When it Comes to Justice, Algorithms are Far From Infallible
by Erika Posey
Early on in Tuesday’s confirmation hearing, Neil Gorsuch suggested that the judiciary may be in danger of automation. When asked how political ideology can affect judicial decision-making, Judge Gorsuch joked that “they haven’t yet replaced judges with algorithms, though I think Ebay is trying, and maybe successfully.” The joke fell flat, but Judge Gorsuch isn’t completely wrong – though Ebay doesn’t seem to have anything to do with it.
Algorithms already play a role in courtrooms across the nation. “Risk assessment” software is used to predict whether or not an offender is likely to commit crimes in the future. The software uses personal characteristics like age, sex, socioeconomics, and family background to generate a risk score that can influence decisions about bail, pre-trial release, sentencing, and probation. The information fed into the system is pulled from either defendant surveys or criminal records.
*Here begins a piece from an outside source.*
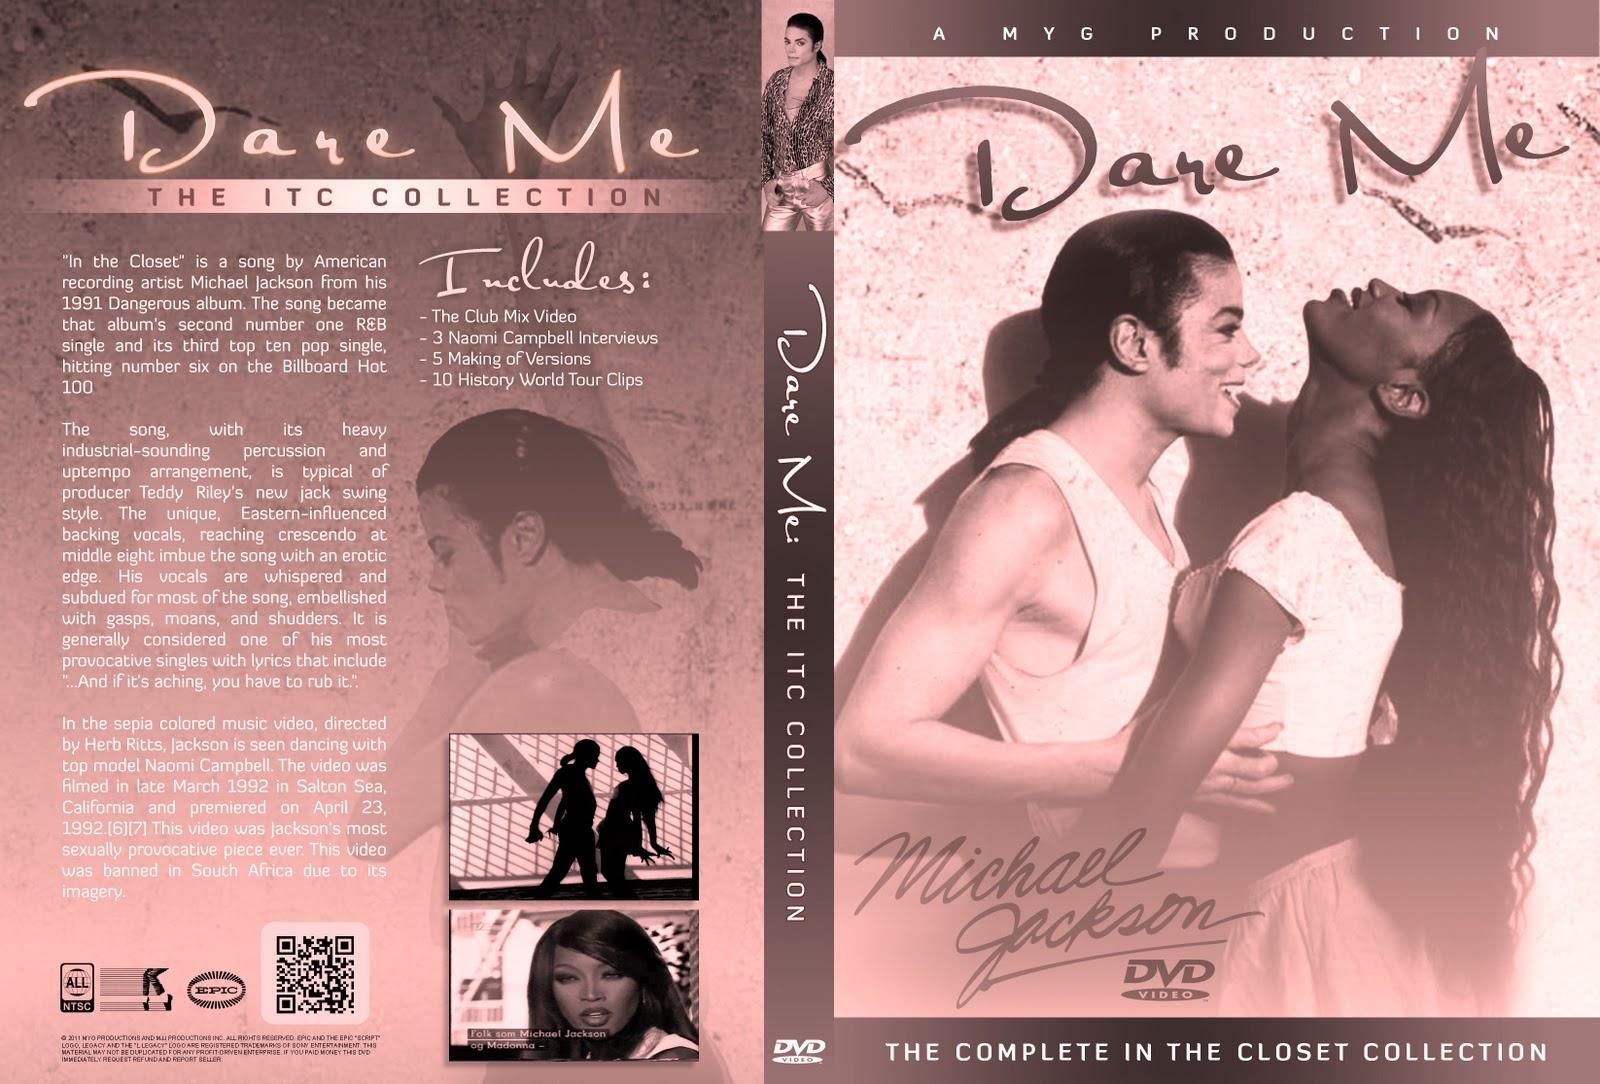 http://3.bp.blogspot.com/-isResbRpGVU/TvcYNGA1w5I/AAAAAAAABYM/G_dcABpGRT4/s1600/dare_me_dvd_case_cover.jpg

Algorithms also help determine who ends up in the courtroom in the first place. Police are investing in “predictive policing” technology — powerful software that uses data on past crime to forecast where, when, and what crimes might occur. Police use the predictions to make deployment decisions. Some software even claims to predict who may be involved in a future crime. A pilot program in Chicago used software to identify roughly 400 people likely at high risk of being involved in violent crime in the next year. Law enforcement notified the individuals and followed up with them in an attempt to cut the city’s crime rate. Facial recognition algorithms are already used with surveillance footage, and emerging technology will allow real-time facial recognition with police body cameras.
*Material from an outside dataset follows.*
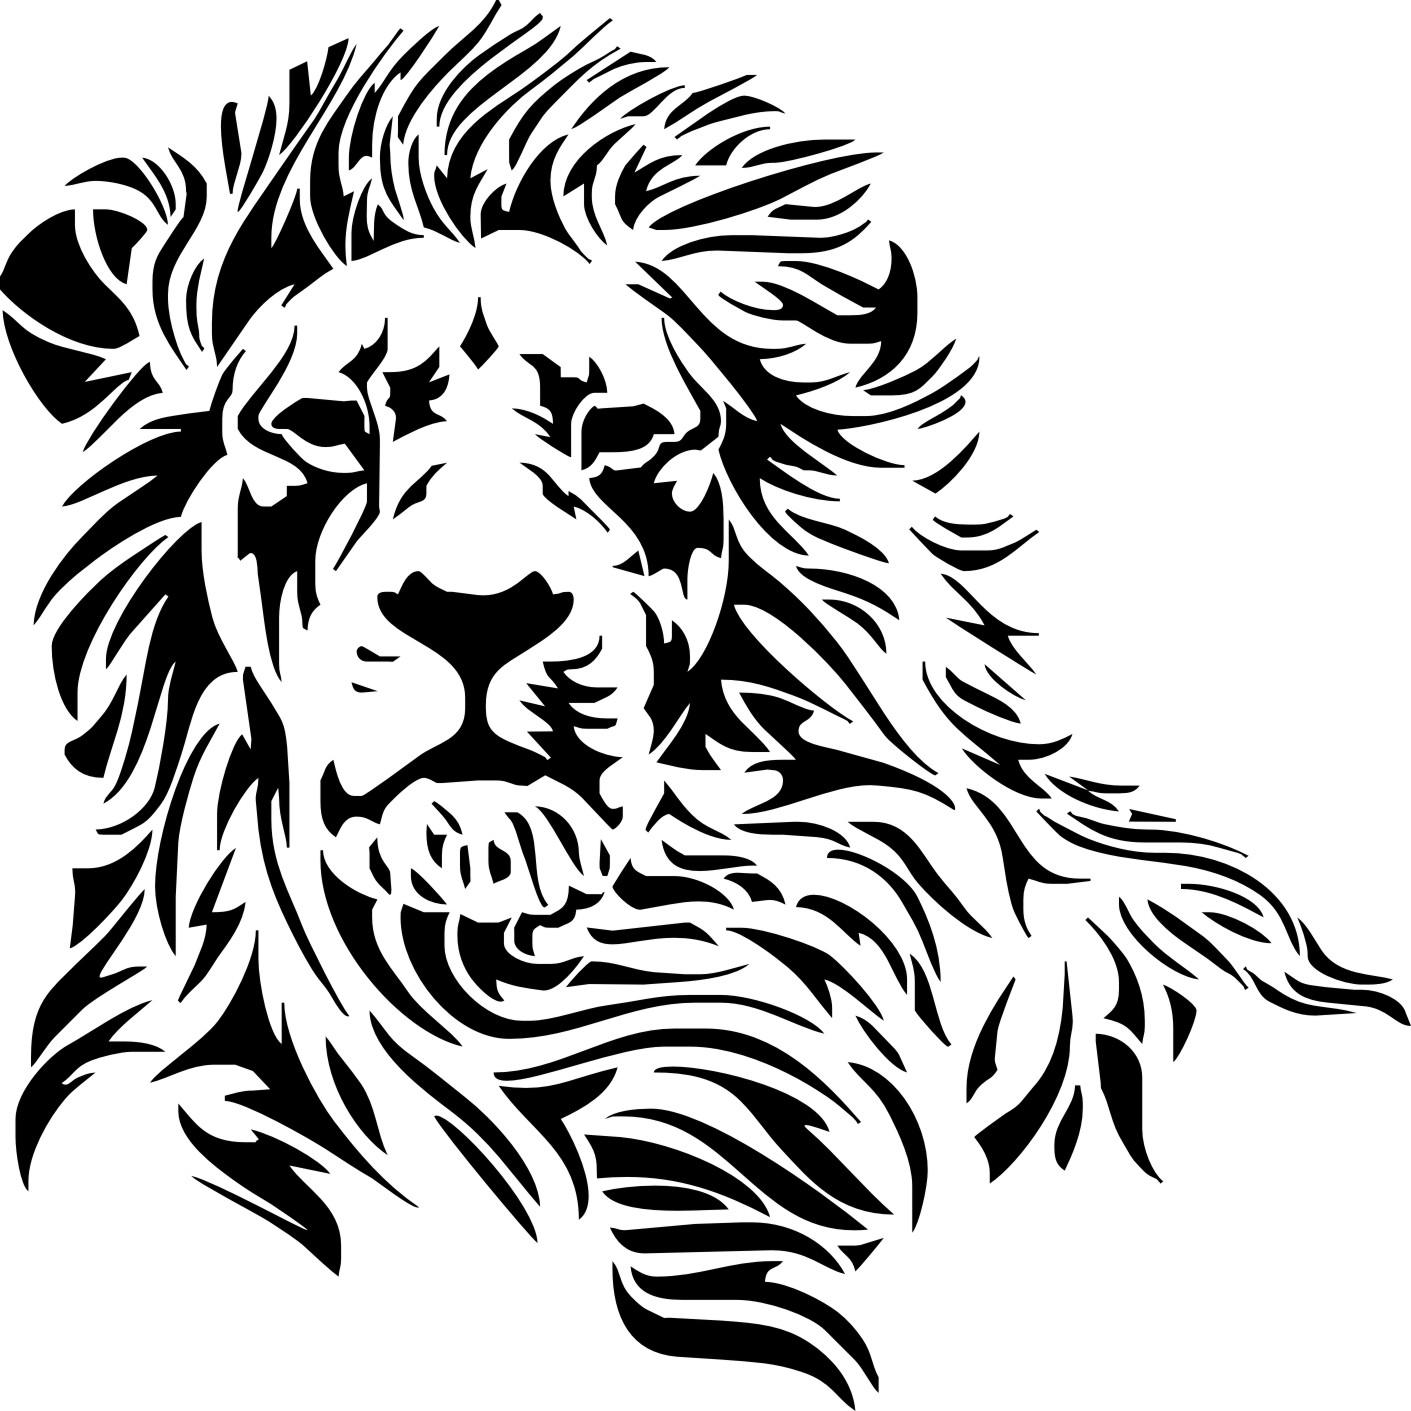 Sticker Blickfang: Wandtattoo Löwenkopf

Proponents of the tools laud the software’s potential to cut costs, drive down prison populations, and reduce bias in the criminal justice system. The expensive and prejudicial outcomes of our human-driven criminal justice system are well documented. As Judge Gorsuch lamented, “I’m not here to tell you I’m perfect. I’m a human being, not an algorithm.”
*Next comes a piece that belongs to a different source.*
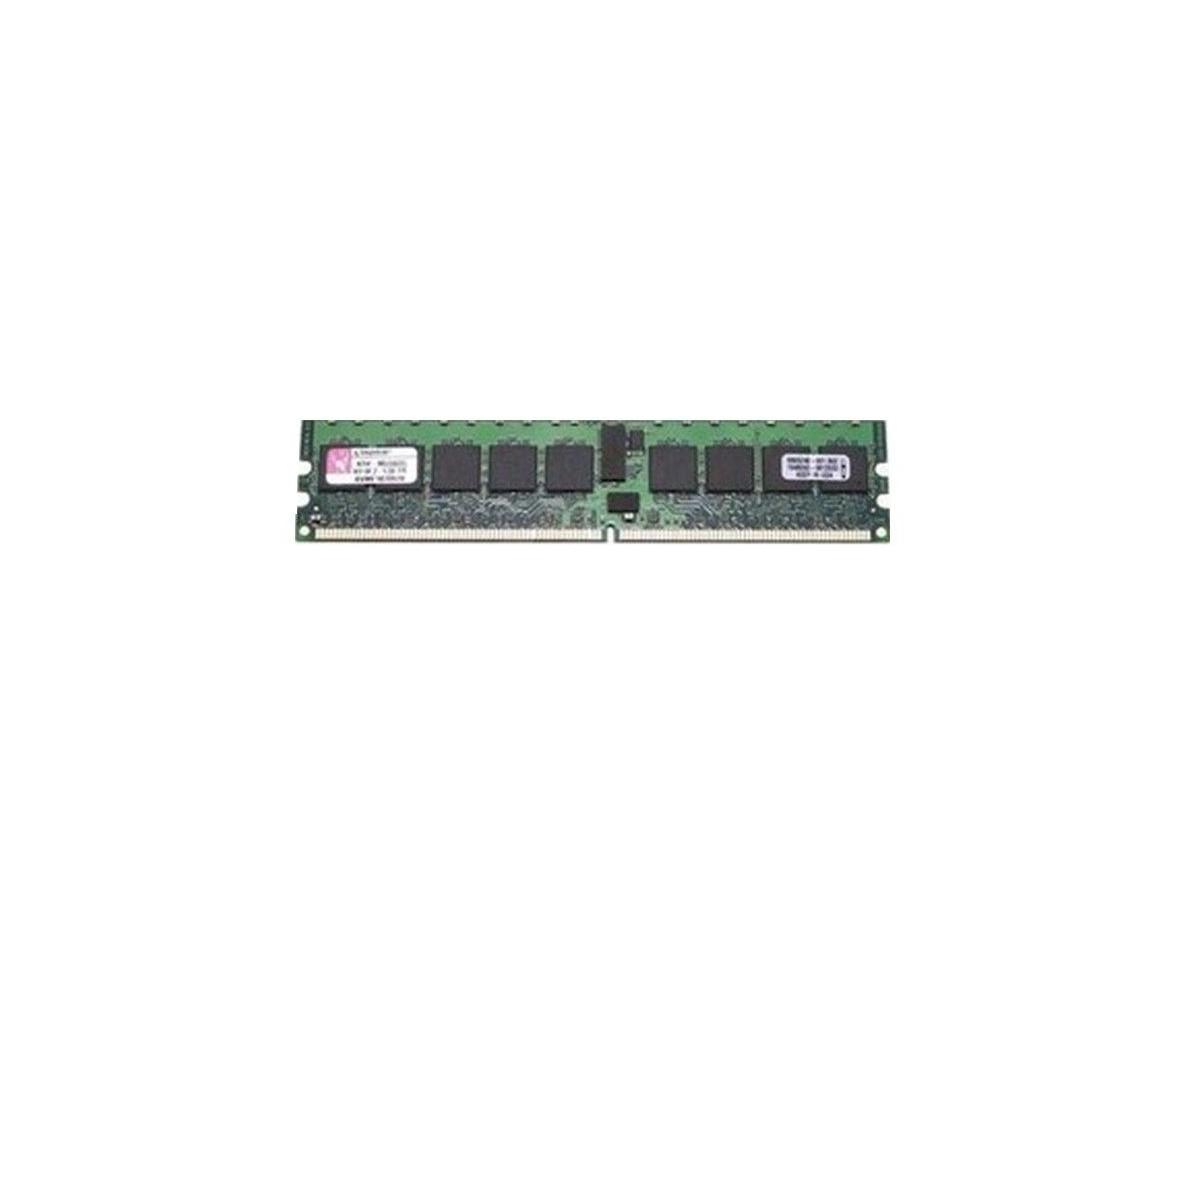 Kingston 4GB DDR2 800Mhz ECC REG KTH-BL495K2/8G

Unfortunately, the algorithms aren’t perfect either. A ProPublica analysis of a widely-used risk assessment algorithm found that only 20% of people the software predicted would commit violent crimes went on to do so in the two years after the assessment was conducted. When all crimes – including misdemeanors – were taken into account, the algorithm was only slightly more accurate than a coin flip in predicting recidivism rates. Worse still, it was nearly twice as likely to mislabel black defendants as high risk than white defendants.